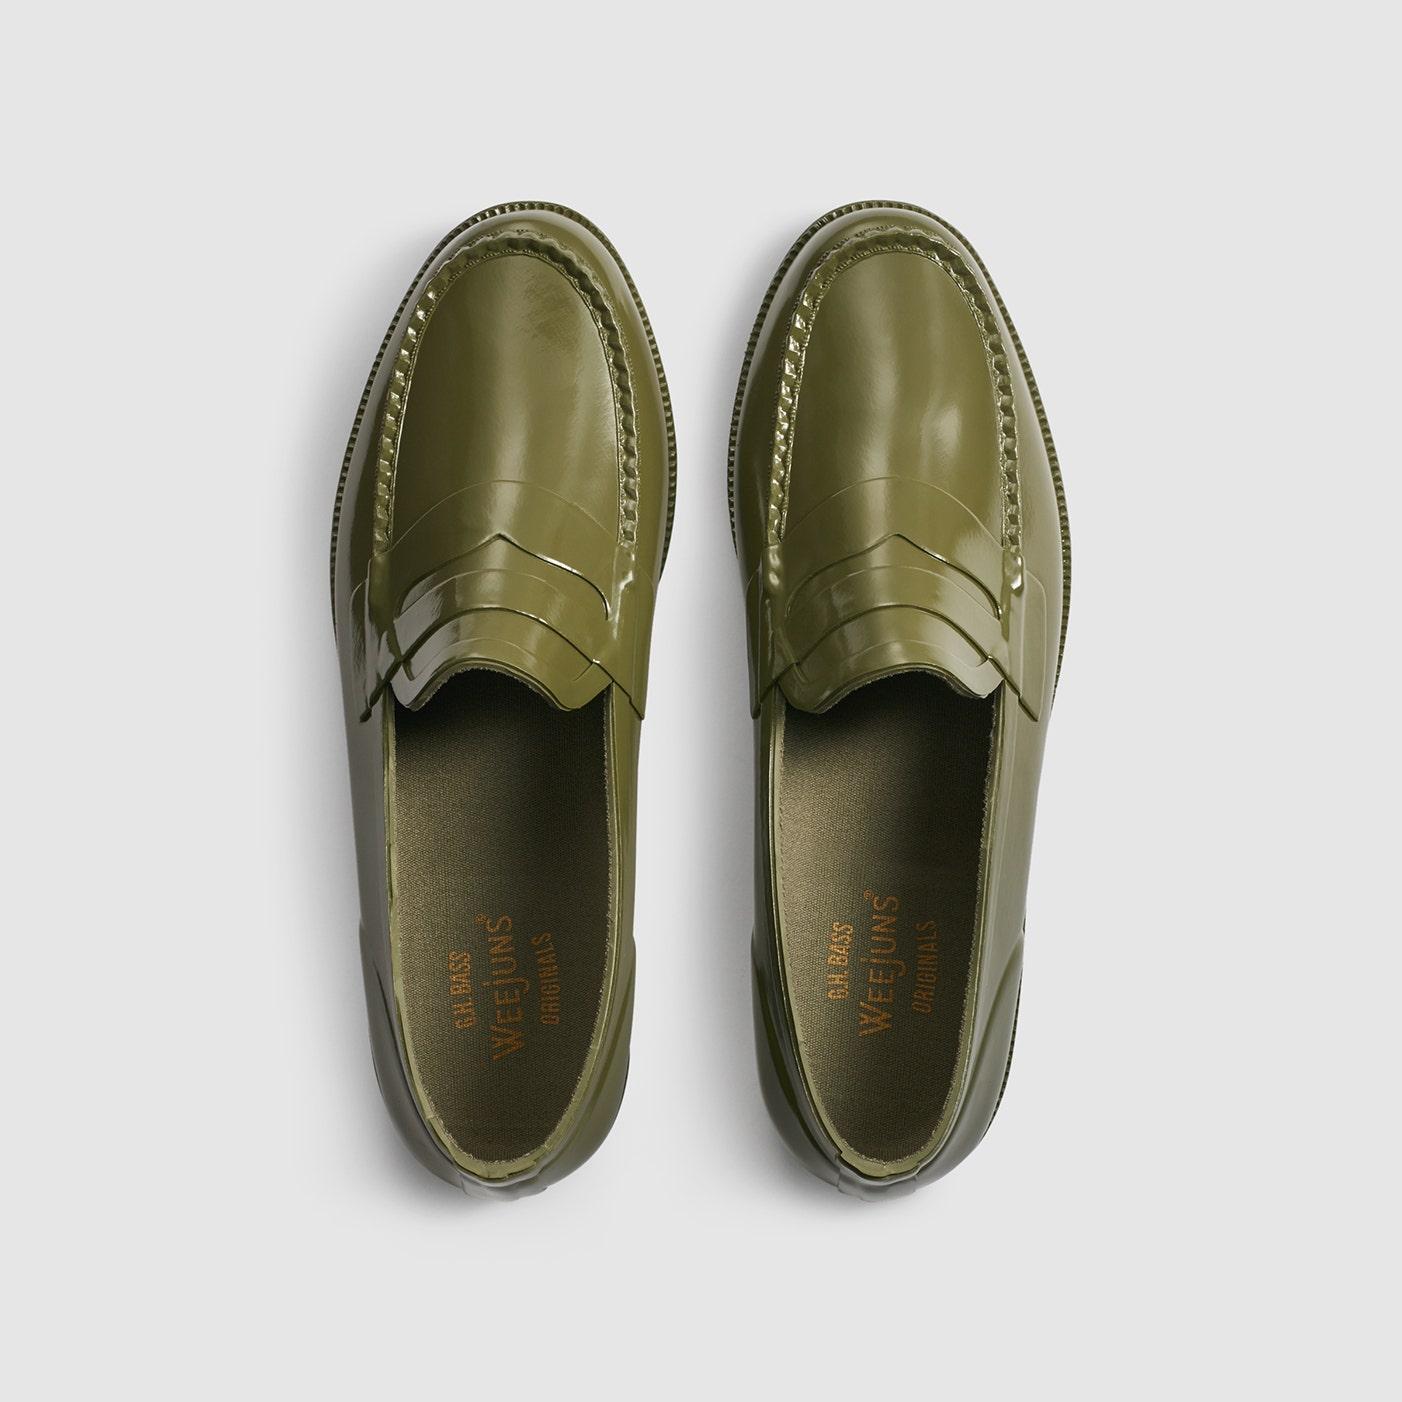 G.H. Bass & Co. Whitney Rubber Rain Weejuns Shoes in Green | Lyst
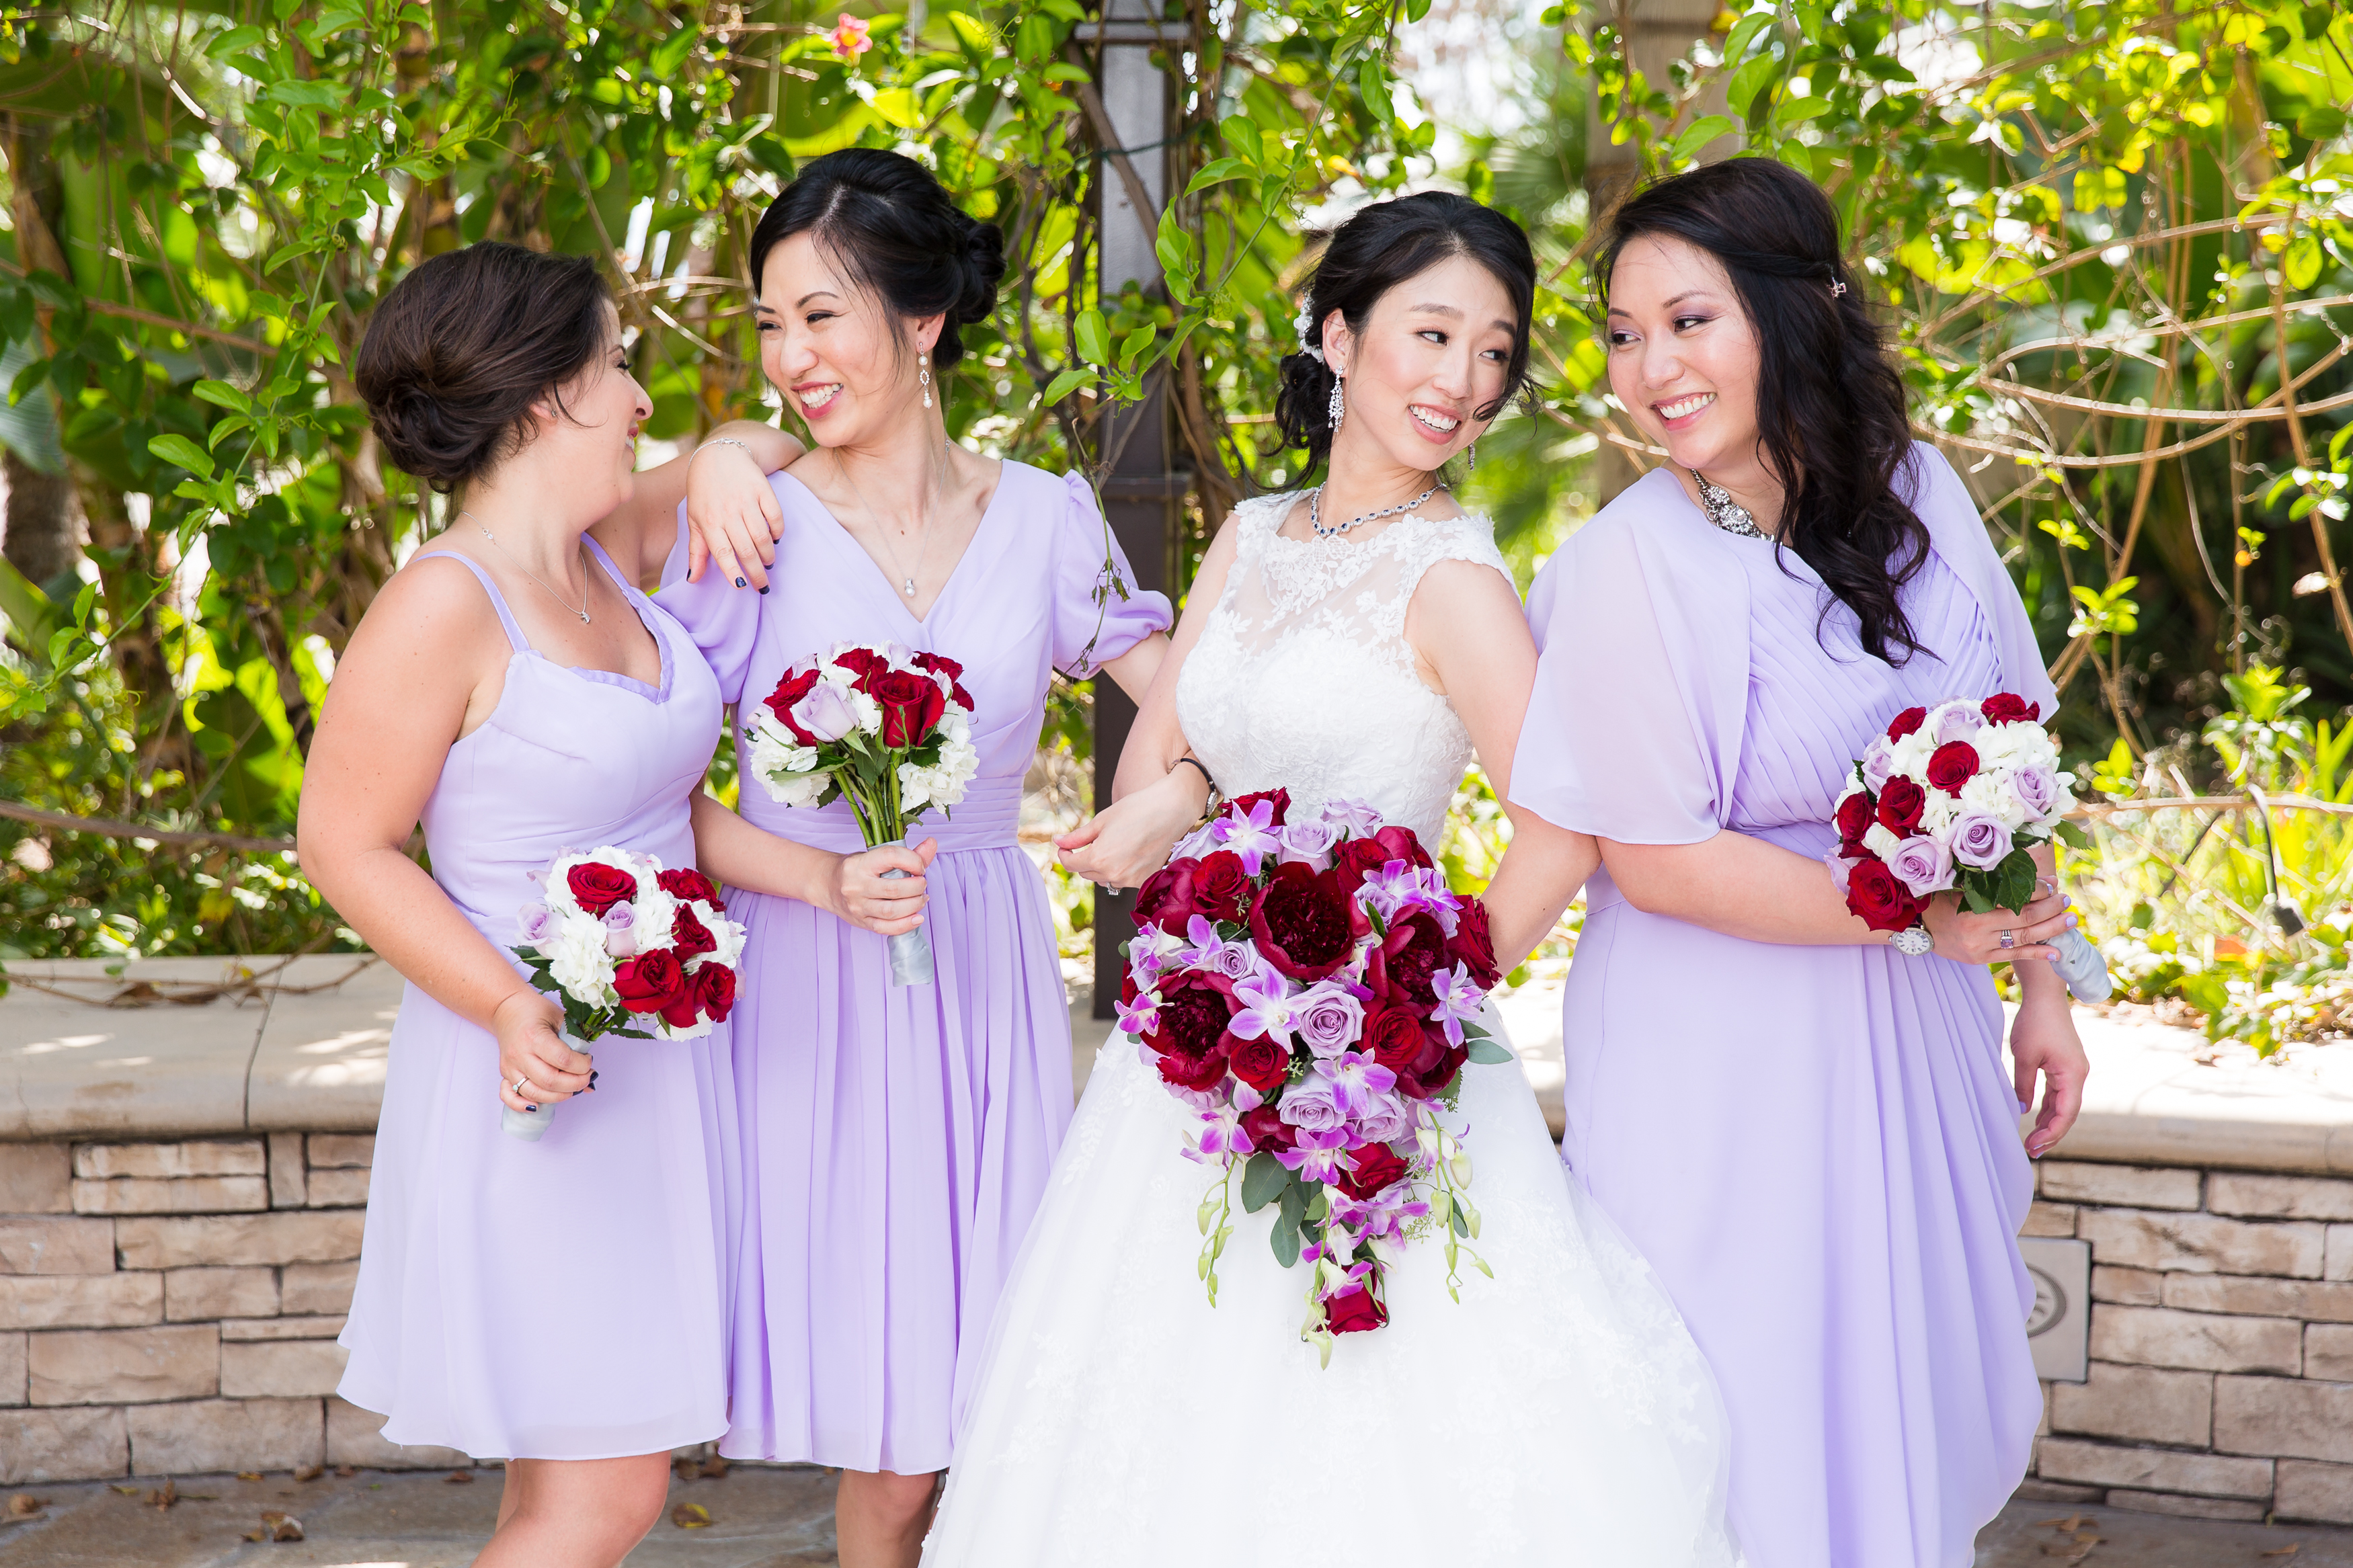 Photo of bride with bridesmaids by Stefani Ciotti in City of Industry
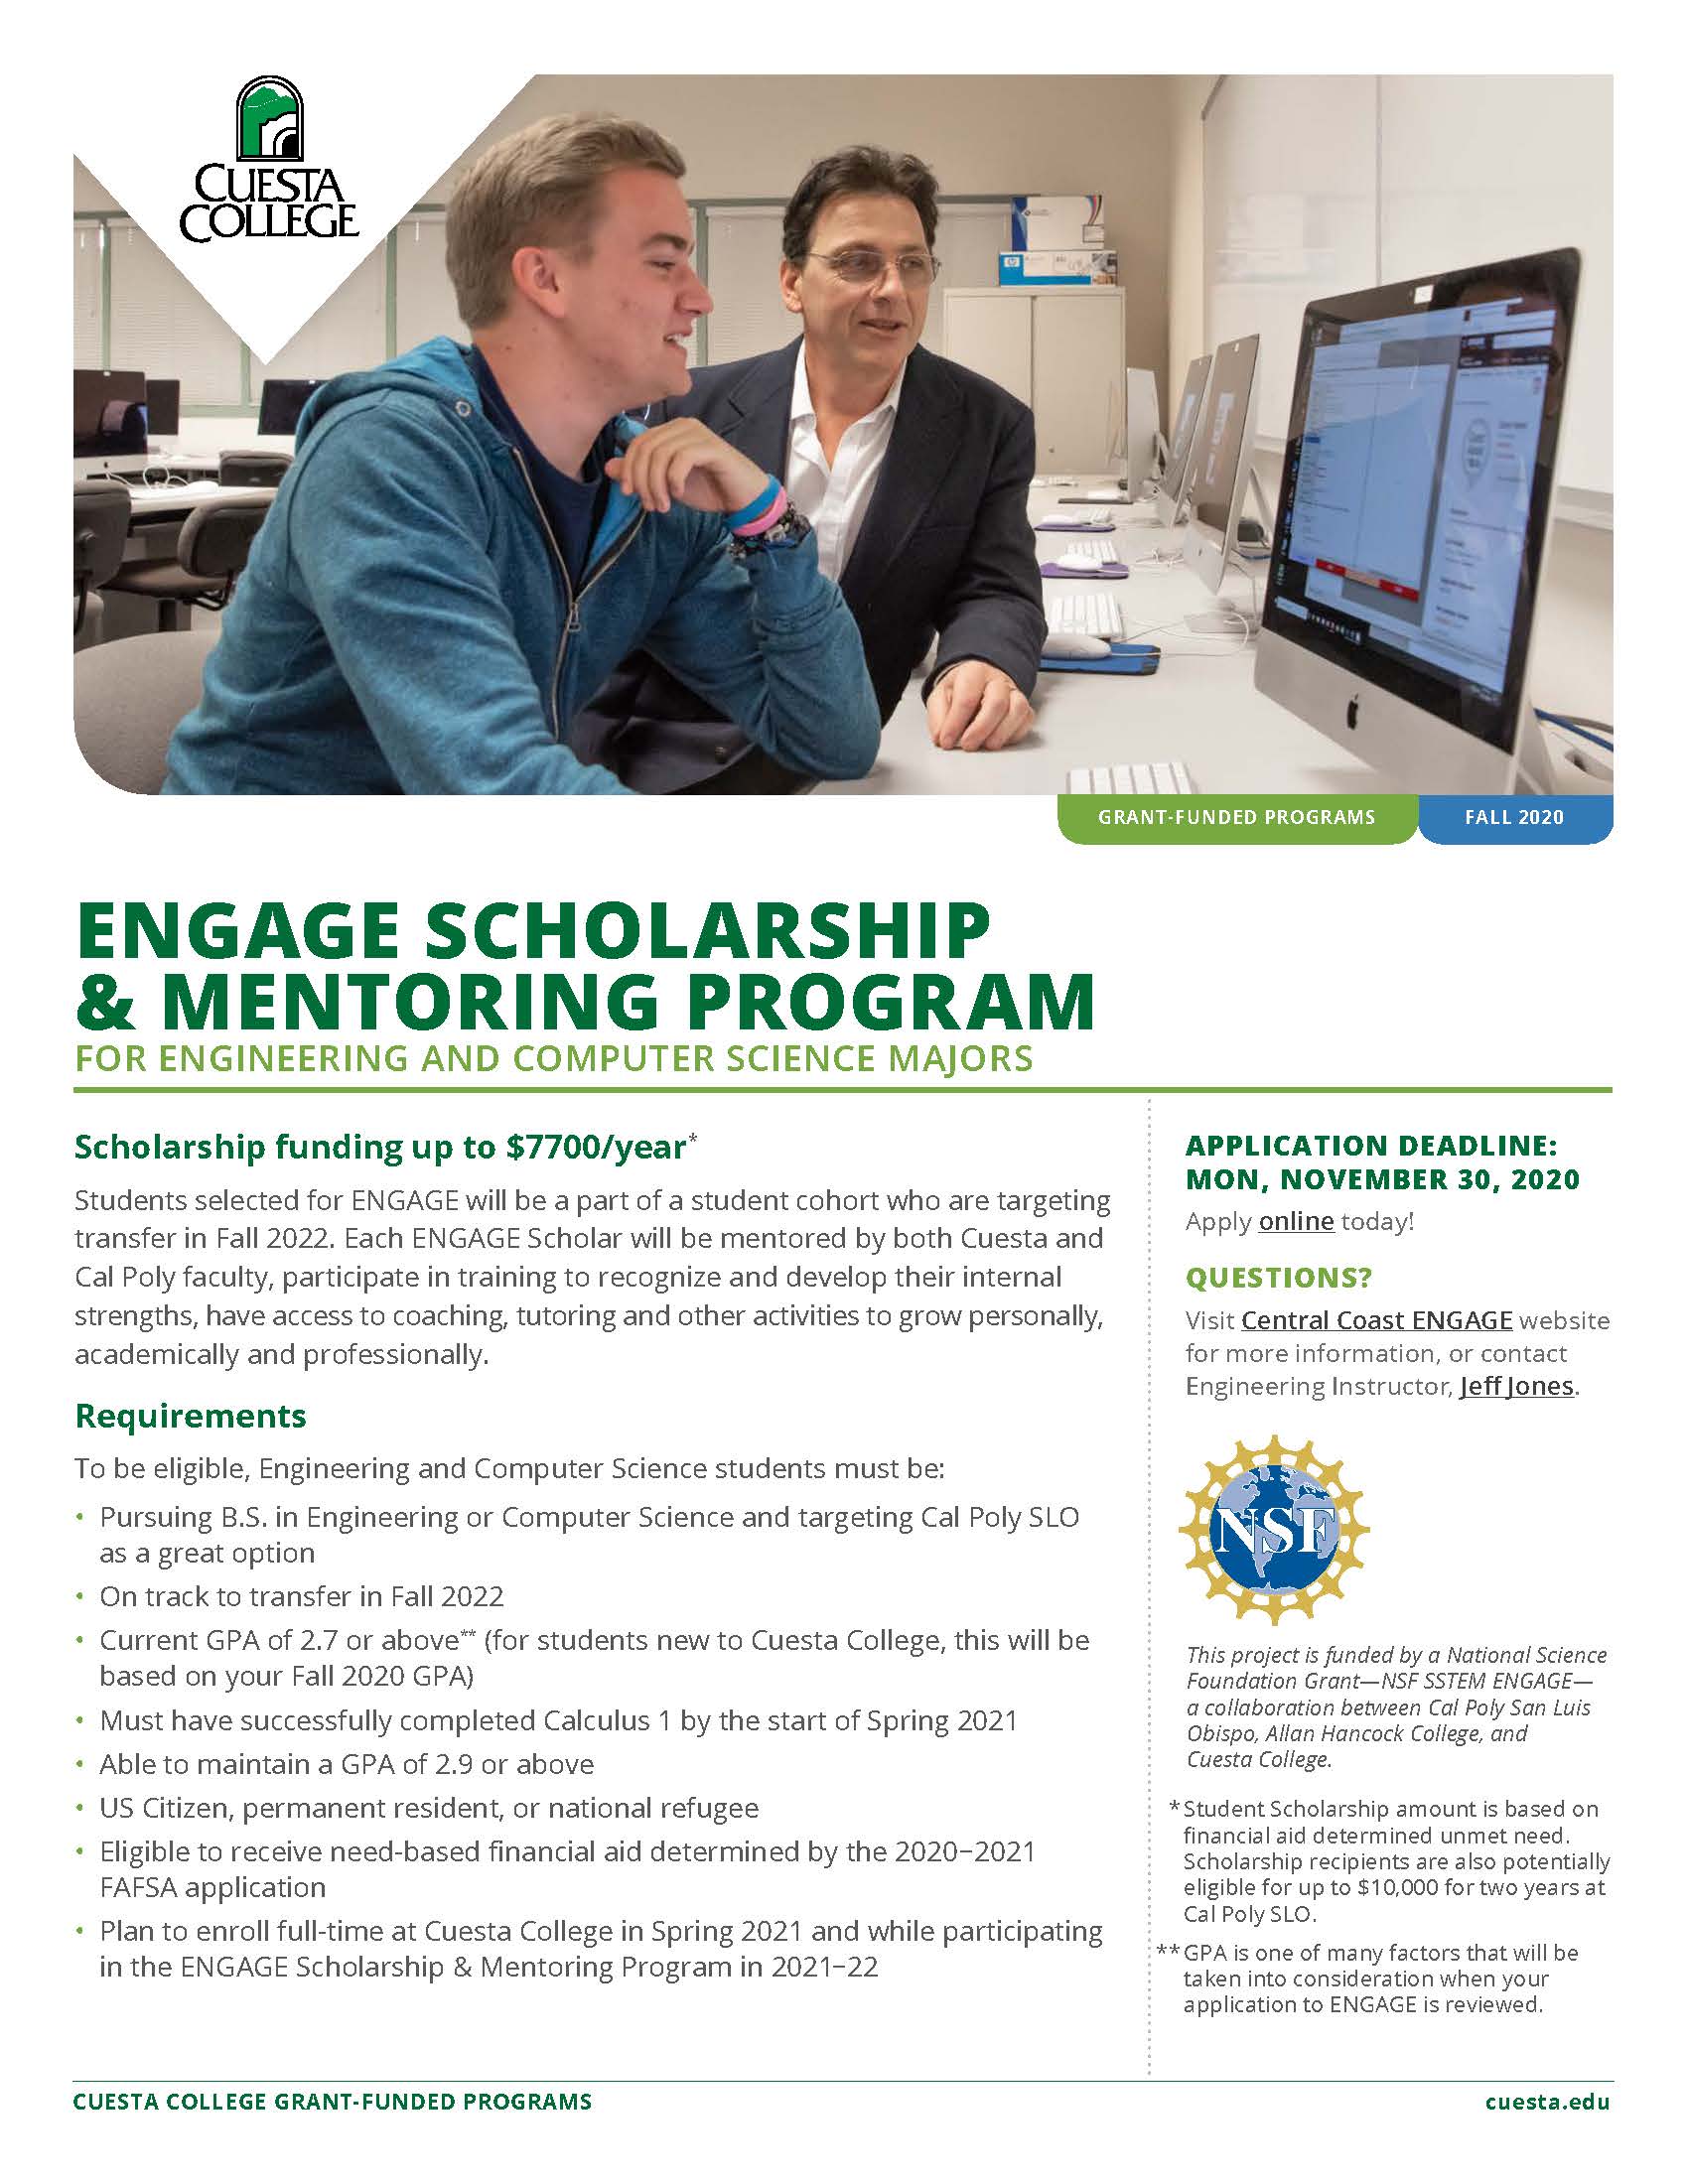 ENGAGE Scholarship and Mentoring Program Flyer

_ _ _ _ _

### Action item:
Skip every picture and transcribe the data above exactly.

### Solution to this exercise:
 G.H. Bass & Co. Whitney Rubber Rain Weejuns Shoes in Green | Lyst
 Photo of bride with bridesmaids by Stefani Ciotti in City of Industry
 ENGAGE Scholarship and Mentoring Program Flyer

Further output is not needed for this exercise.